This is what I actually expected:

Image

Here is the part of the *xml file for this navigation:

<content:encoded><![CDATA[<!-- wp:home-link /-->

<!-- wp:navigation-link {"label":"About Us","type":"page","id":28,"url":"http://localhost:8881/?page_id=28","kind":"post-type"} /-->

<!-- wp:navigation-link {"label":"News","type":"page","id":26,"url":"http://localhost:8881/?page_id=26","kind":"post-type"} /-->

<!-- wp:navigation-submenu {"label":"Templates","type":"page","id":63,"url":"http://localhost:8881/?page_id=63","kind":"post-type"} -->
<!-- wp:navigation-link {"label":"Single Page Layout","type":"page","id":65,"url":"http://localhost:8881/?page_id=65","kind":"post-type"} /-->

<!-- wp:navigation-link {"label":"Page no title","type":"page","id":192,"url":"http://localhost:8881/notfound","kind":"post-type"} /-->

<!-- wp:navigation-link {"label":"404 Page - not found","url":"/apage","kind":"custom"} /-->
<!-- /wp:navigation-submenu -->

<!-- wp:navigation-submenu {"label":"Patterns","type":"page","id":32,"url":"http://localhost:8881/?page_id=32","kind":"post-type"} -->
<!-- wp:navigation-link {"label":"Blocks","type":"page","id":52,"url":"http://localhost:8881/?page_id=52","kind":"post-type"} /-->

<!-- wp:navigation-link {"label":"Page Patterns","type":"page","id":183,"url":"http://localhost:8881/?page_id=183","kind":"post-type"} /-->
<!-- /wp:navigation-submenu -->]]></content:encoded>

bph avatar Oct 02 '25 10:10 bph

Just so you know the Nav block will soon have dynamically resolved URLs for links that go to internal entities (Pages, Posts...etc). This could make this whole thing a lot easier.

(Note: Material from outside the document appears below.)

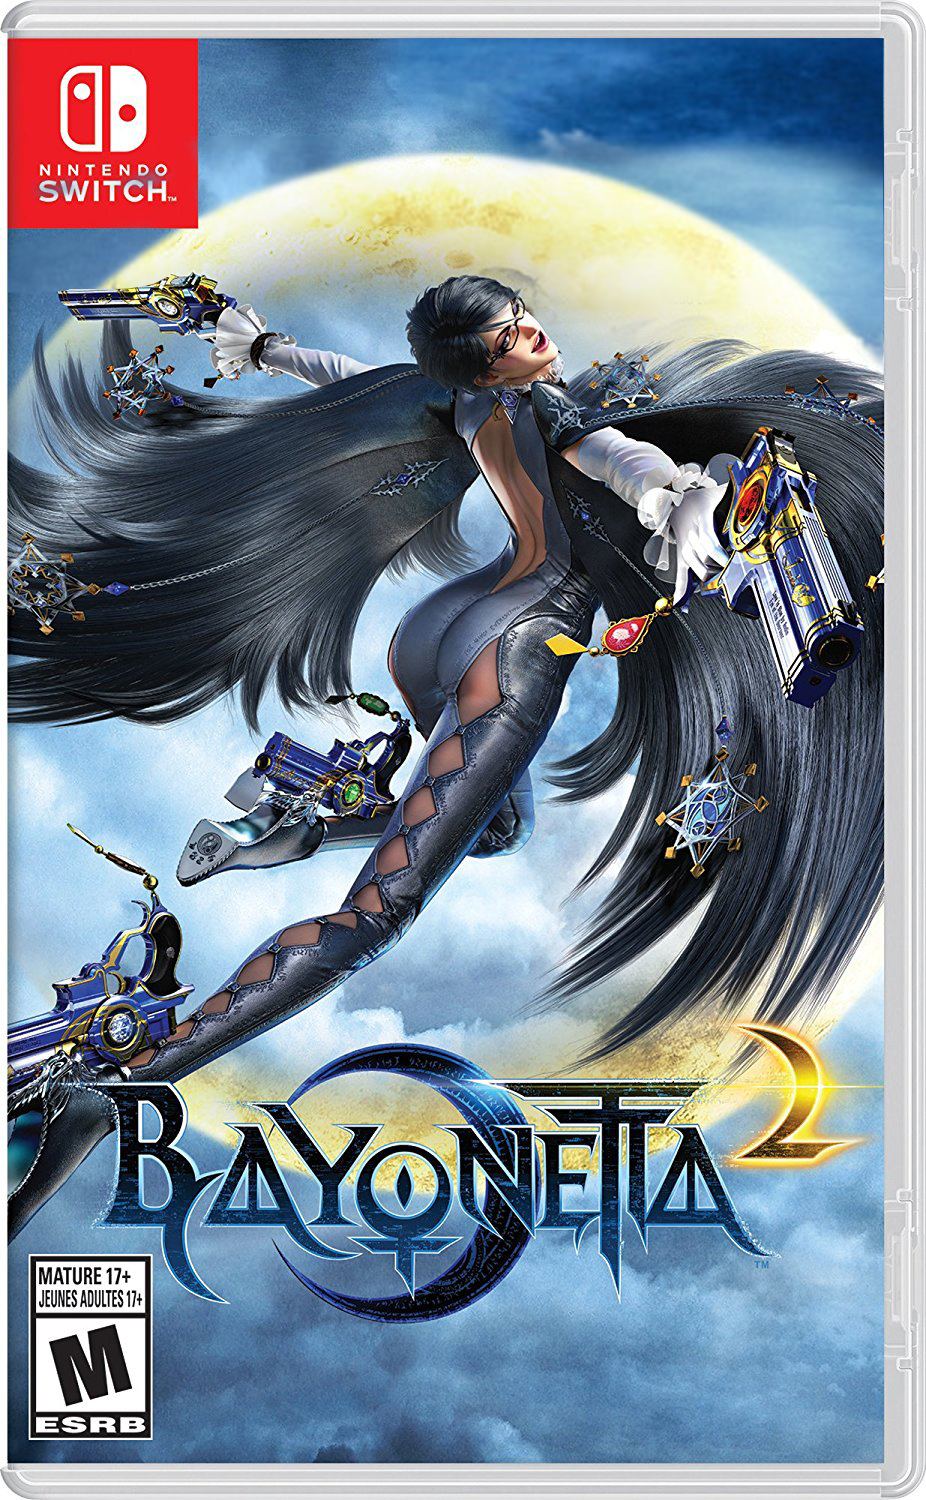 one-day sale of bayonetta 2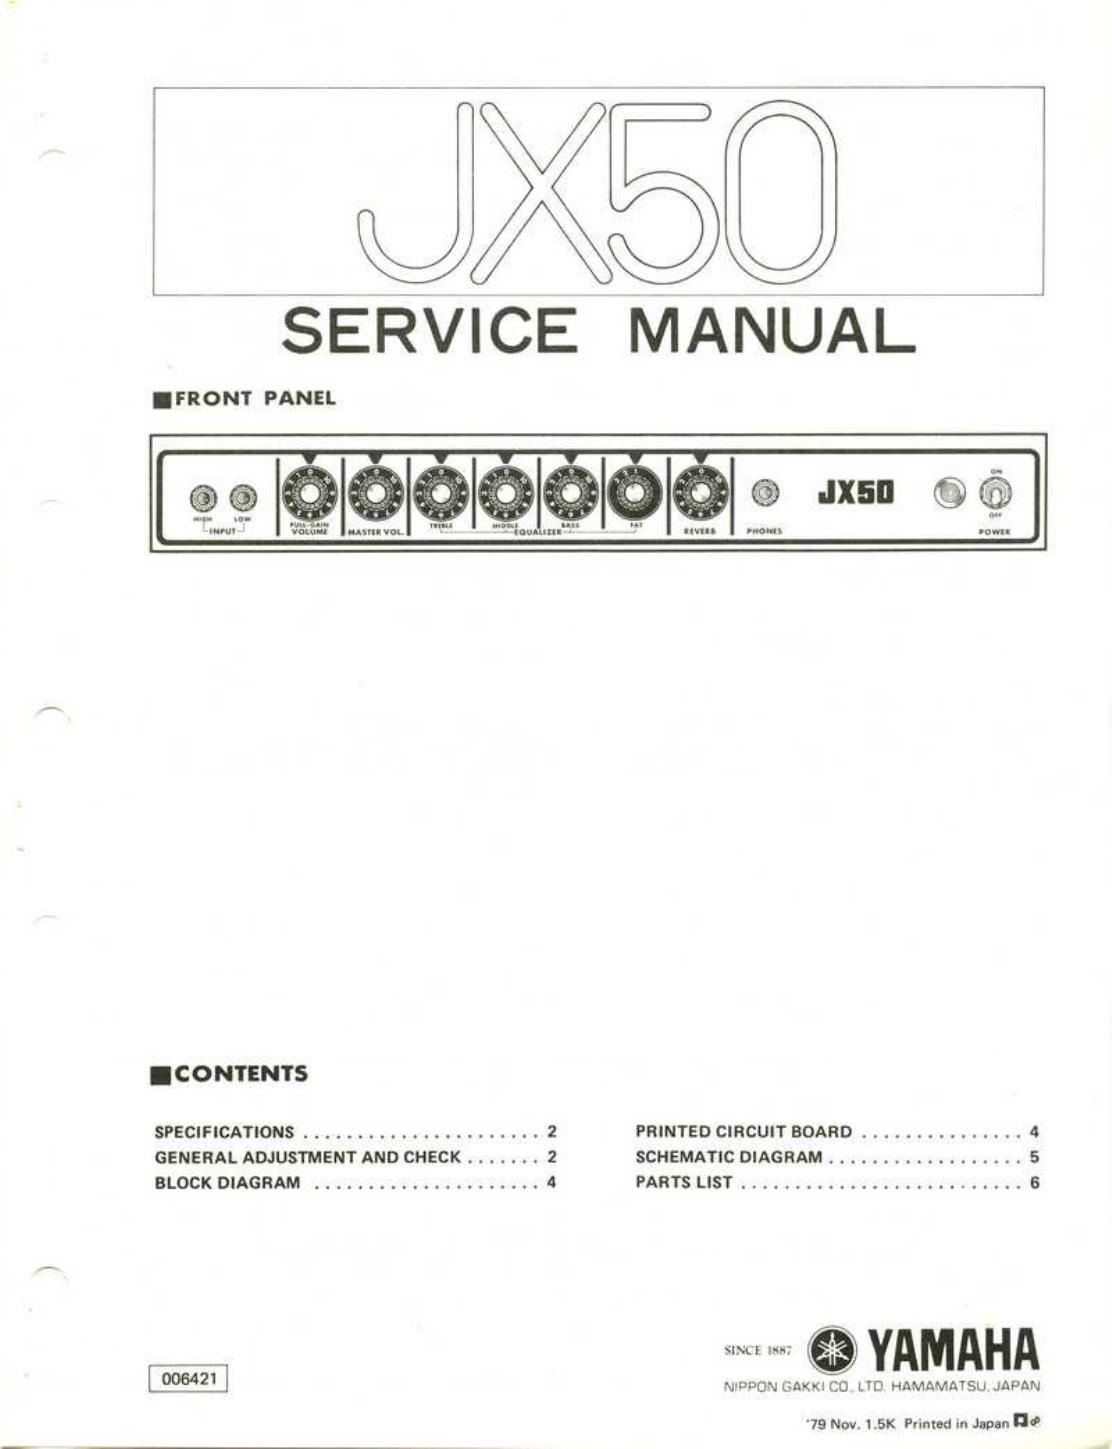 yamaha jx50 service manual

getdave avatar Oct 10 '25 08:10 getdave

Thank you for reporting @bph! It was a subtle issue in block markup rewriter: https://github.com/WordPress/php-toolkit/pull/191 I'm backporting it to the importer plugin now

adamziel avatar Oct 10 '25 16:10 adamziel

Super cool @adamziel Thank you so much for digging in and fixing things!

bph avatar Oct 10 '25 17:10 bph

WordPress importer 0.9.4 is now released and your file is imported correctly!

https://playground.wordpress.net/?import-wxr=https%3A%2F%2Fraw.githubusercontent.com%2Fwptrainingteam%2Ftt5-demo-blueprint%2F911e2b2cfc2f3d63bd7c219c5159d4d758647cf6%2Fplayground-content.xml

adamziel avatar Oct 10 '25 22:10 adamziel